The neuroanatomical ultrastructure and function of a biological ring attractor

Neural representations of head direction have been discovered in many different species. A large body of theoretical work has proposed that the dynamics associated with these representations might be generated, maintained, and updated by recurrent network structures called ring attractors. Ring attractor models rely on specific assumptions about the structure of excitatory and inhibitory connectivity. These assumptions have been difficult to test directly. We therefore performed electron-microscopy-based circuit reconstruction and RNA profiling of identified cell types in the heading direction system of Drosophila melanogaster to directly examine excitatory and inhibitory synaptic connectivity, generating a dataset that should serve as a reference for future functional studies of the network. Consistent with several theoretical models, we identified network motifs that have been hypothesized to maintain the heading representation in darkness, update it when the animal turns, and tether it to visual cues.

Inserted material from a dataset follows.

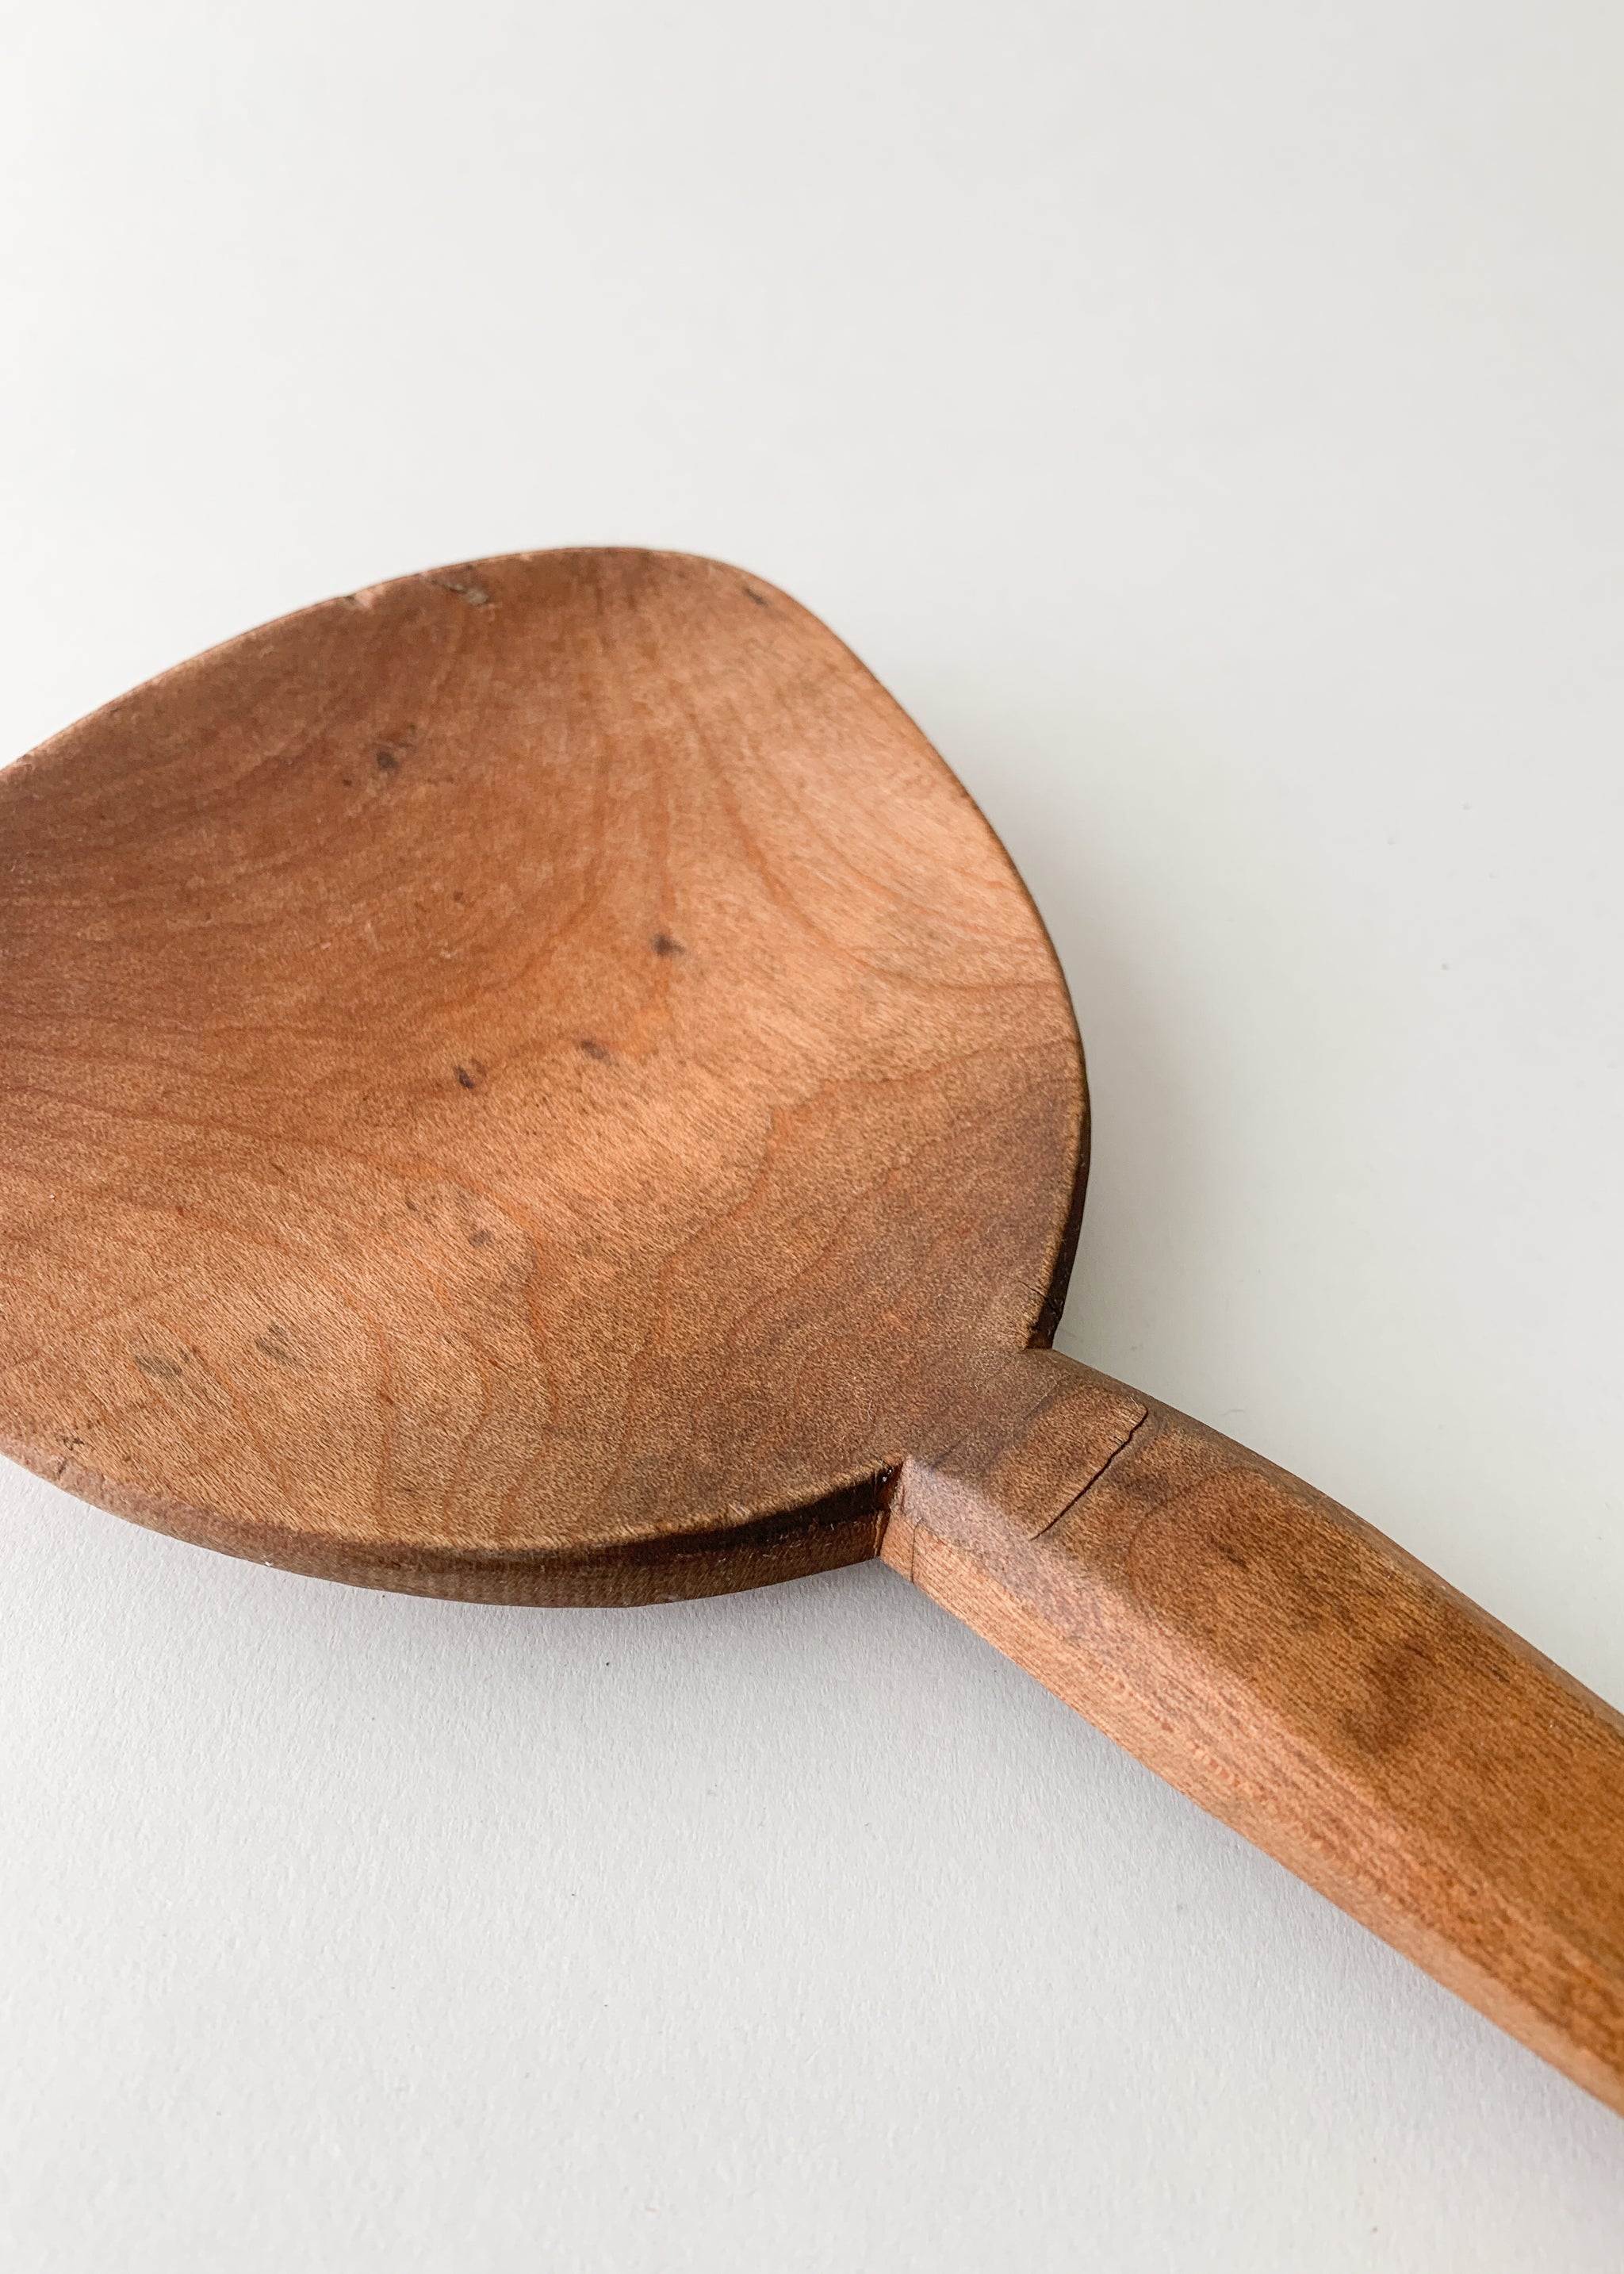 Heirloom Wooden Spoons — Appalachian Revelators

Genetically targeted two-photon calcium imaging and thermogenetic perturbation of the constituent neuron types during behavior provided additional support for these functional roles. However, we also discovered network motifs absent in current models, including a surprising degree of recurrence between arbors of different neurons with mixed pre- and post-synaptic specializations. Overall, our results confirm that the Drosophila heading direction network contains the core components of a ring attractor while also revealing unpredicted structural features that might enable the heading system to accurately track the animal9s heading with a small number of neurons.